Tractor & Machinery

Last of the line

John Deere’s popular 50 Series was introduced in 1986 to replace the company’s wellliked 40 Series models and spanned a wide horsepower bracket, from 38-114hp, offering a tractor of a suitable size for virtually every operation. Built in Europe, the new tractors were heavily based on the outgoing models, but with subtle improvements.

In this buyer’s guide, we concentrate on the most popular tractors as far as the UK and Irish market is concerned and aim to explain why they remain as desirable as they were in they heyday.

Engine

The crux of John Deere’s design was commonality of parts–with all models sharing the same bore and stroke dimensions of 106.5mm and 110mm respectively. This onelitre-per-cylinder displacement, the company said, enabled the John Deere ‘Constant Power’ engine to develop equal power without strain, compared to competitive engines with smaller displacements.

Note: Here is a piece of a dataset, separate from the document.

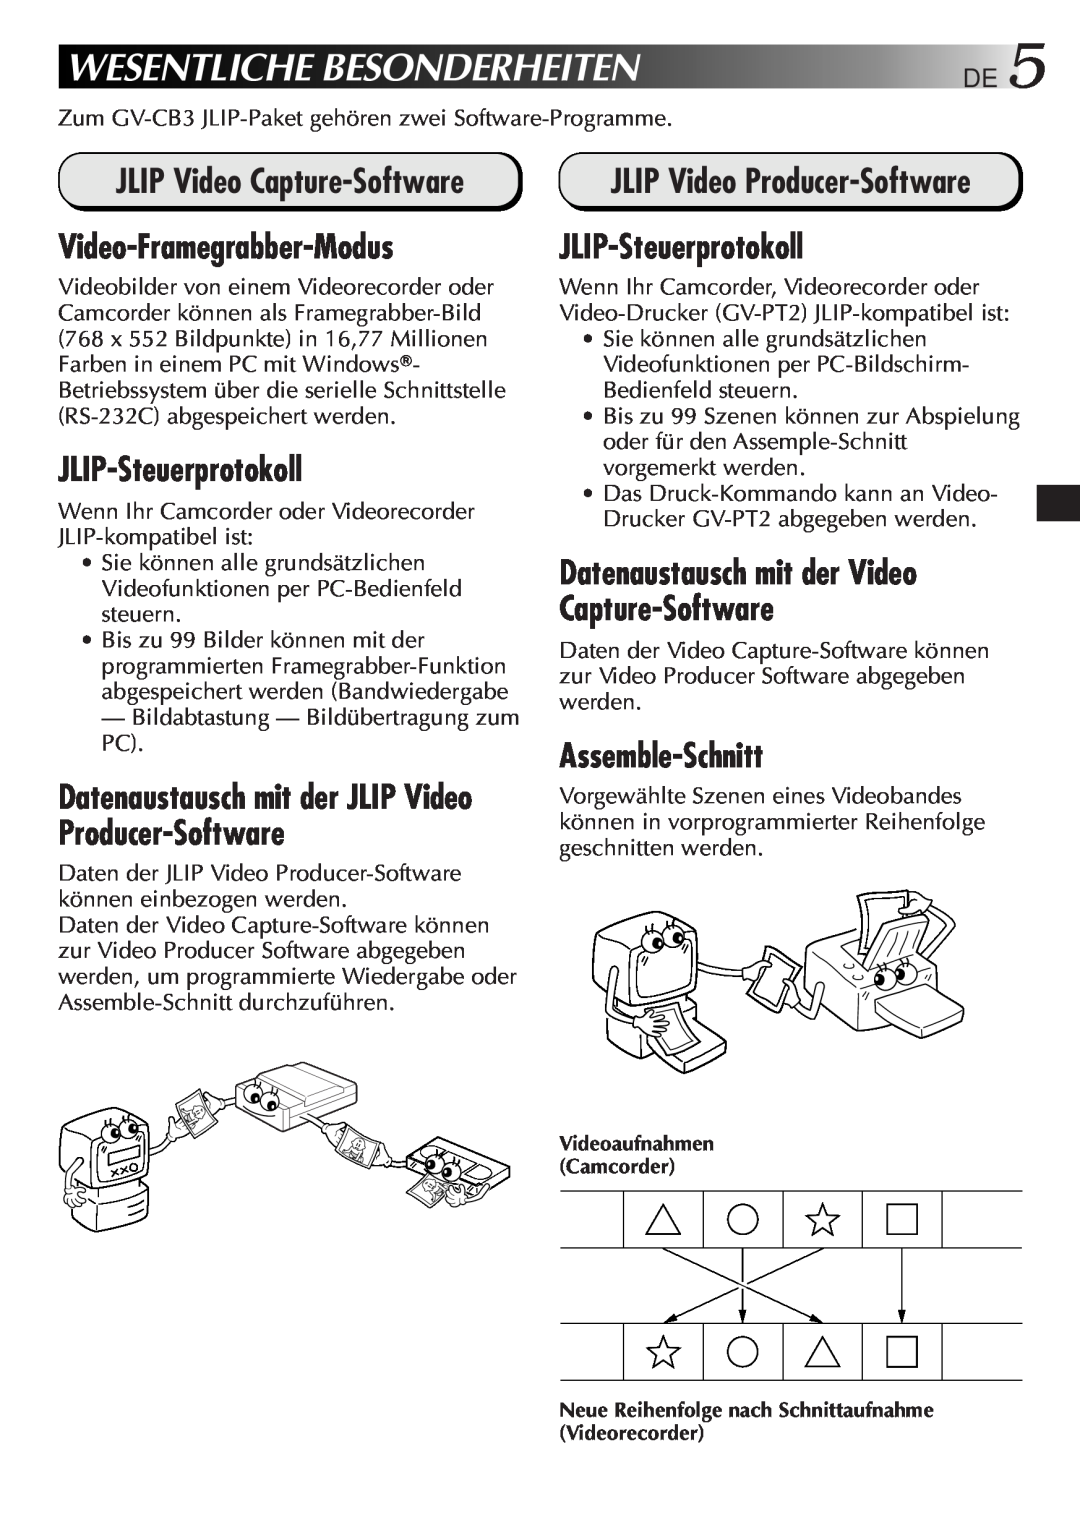 JVC GV-CB3E manual Wesentliche Besonderheiten, JLIP Video Capture-Software, Video-Framegrabber-Modus, JLIP-Steuerprotokoll

Rated speed is either 2,300rpm or 2,400rpm which, Deere said, was just one of a number of features that gave the 50 Series engines a telling measure of reliability and life expectancy. The piston speed of 8.4m/s fared well against industry norms of between 9m/s and 11m/s, equating to reduced vibration, quieter operation and a long service life, as well as better fuel economy.

The engines feature wet-sleeve cylinder liners, which are easy to replace and dissipate engine heat into the surrounding coolant, improving engine life. Another interesting feature is piston spray cooling. Filtered oil is sprayed against the underside of each piston in the form of a jet, which cools the cylinder and keeps the pistons and liners lubricated.

Nick Young, Managing Director at John Deere specialist: The European 50 Series tractors were an upgrade on the very successful 40 Series. They are mechanically very similar in that the engines have the same capacity, but the 50 Series have different pistons and a viscous fan that gave improved fuel economy.”